Carbon capture and storage has been proposed as an important component to a well rounded plan to control increasing carbon dioxide levels in the earth’s atmosphere. One method for sequestering CO2 is to pump new emissions into geological formations. Previous research has shown basalt and ultramafic rock reservoirs to be good, secure, long term locations for the sequestration of CO2. Goldberg et al. (2010) examined the potential of various reservoir sites in the Central Atlantic Magmatic Province (CAMP) basalt flows to be sequestration sites for large cities along the eastern seaboard of the United States.—Anna Fiastro
Goldberg, D., Kent, D., Olsen, P., 2010. Potential on-shore and off-shore reservoirs for CO2 sequestration in Central Atlantic magmatic province basalts. Proceedings of the National Academy of Science 107, 1327.doi:10.1073/pnas.0913721107.
The Central Atlantic Magmatic Province (CAMP) lies on and off shore along the eastern coast of North America. CAMP consists of numerous basins of thick continental sediments with veins of basalt running through them. These basins were created during the Triassic and Jurassic time periods. Since these events, other seismic activity and interactions with water and the atmosphere have caused some of these rock formations to erode, while the remainders have become stratified with varying thickness and composition over a large area. This stratification has lead to ideal conditions for CO2 injection and sequestration.
What has occurred is that layers of very thick and dense basalt have surrounded areas of less dense and porous basalt.

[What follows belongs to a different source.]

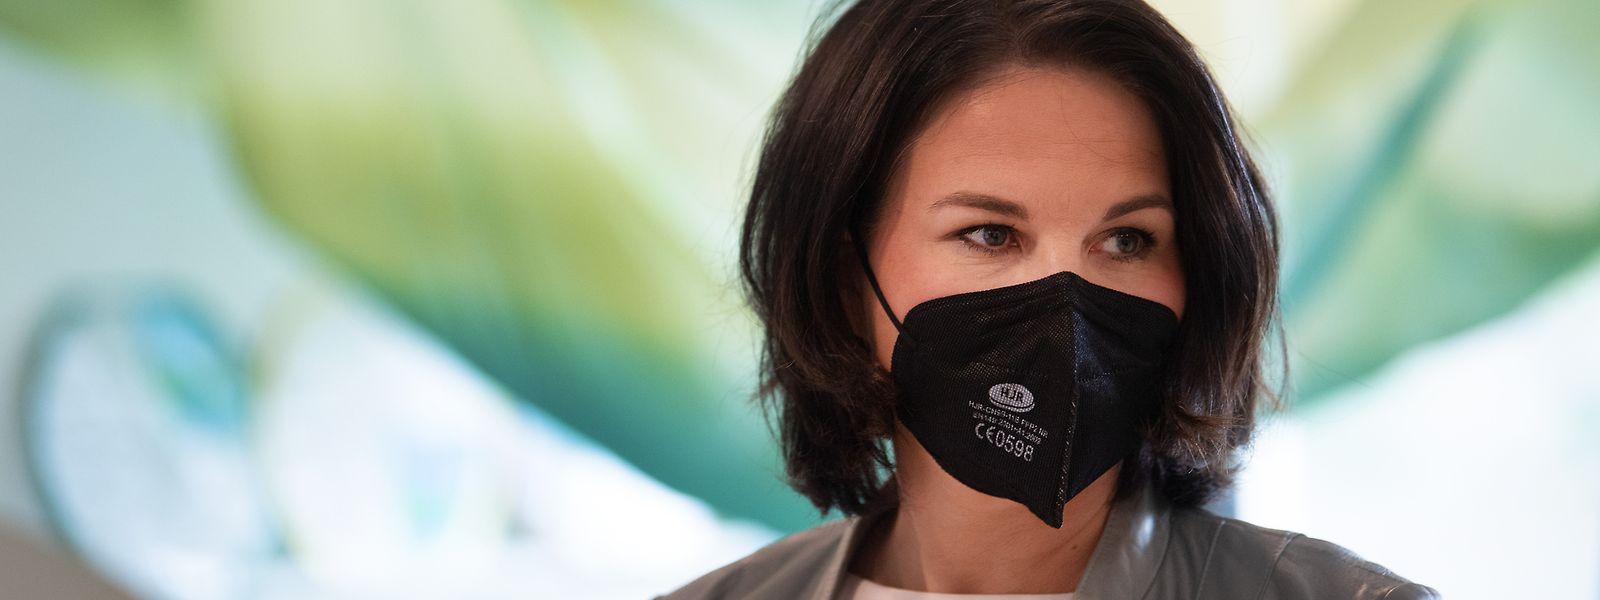 Die grüne Kanzlerkandidatin Annalena Baerbock muss mit Zwist in den eigenen Reihen umgehen.
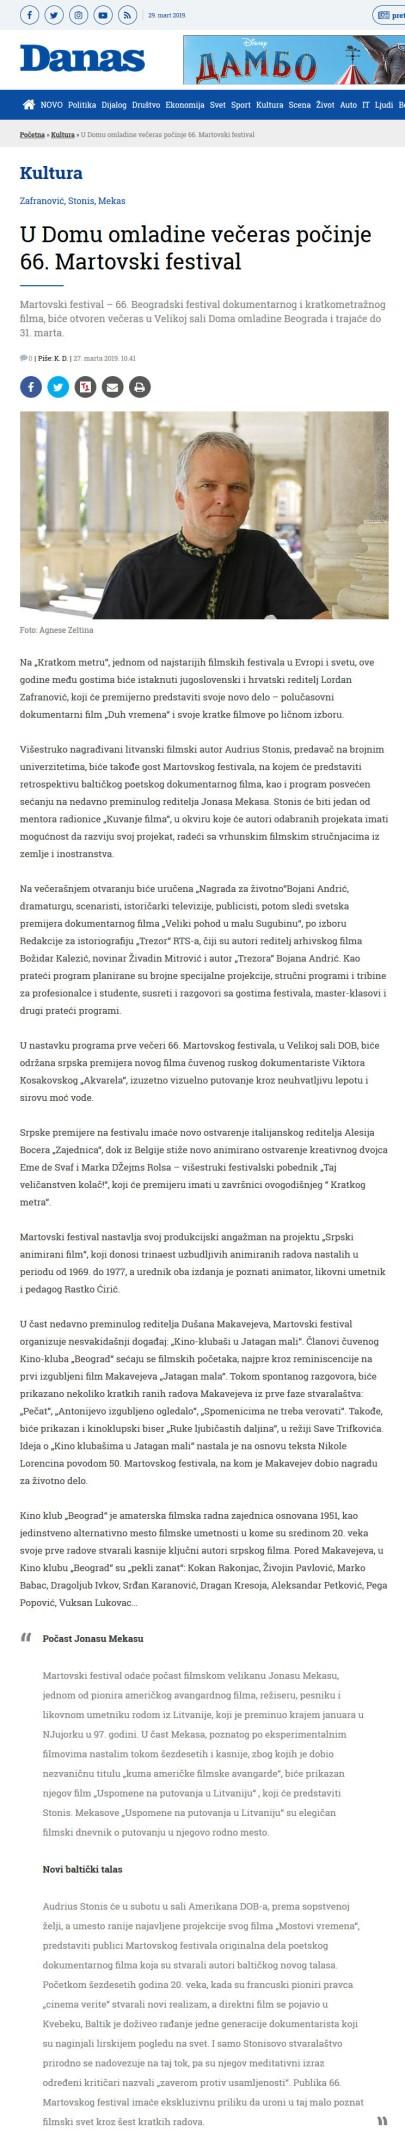 2703 - danas.rs - U Domu omladine veceras pocinje 66. Martovski festival

The porous basalt allows space for a chemical reaction to occur between the minerals of the basalt and the injecting CO2 creating a mineral carbonate that fills in the cracks. The dense basalt layers seal the pumped CO2 and the carbonate product in the basin so that it is harder for it to be reintroduced into the environment and atmosphere.
These authors speculate that these types of layered formations can be found in the Orange Mountain basalt, the Newark Rift Basin, the Long Island Rift Basins, and the South Georgia Rift Basin. This is based on sampling data, density and porosity profiles, computer modeling, and scientific speculation. These sites are close to major metropolitan areas on the east coast of the United States, allowing them to work efficiently as storage locations for areas of high industrial CO2 output. The speculated size of the reservoirs also offers the potential to store massive amounts of CO2. For example, estimates show that one basin could contain the equivalent emissions from 3 or more coal-fired power plants for up to 40 years.
Further study is necessary to confirm the existence of these basins, and demonstrate their suitability to act as sequestration locations. Studies would include high-resolution survey mapping, followed by drilling in and around locations. Pilot injection projects would then be conducted and monitored to determine the safety and effectiveness of this form of capture and storage. Goldberg et al. also suggested that research should first be conducted at on-shore sites as they are more accessible and cost effective, and then offshore sites can be explored with the increased technology and knowledge.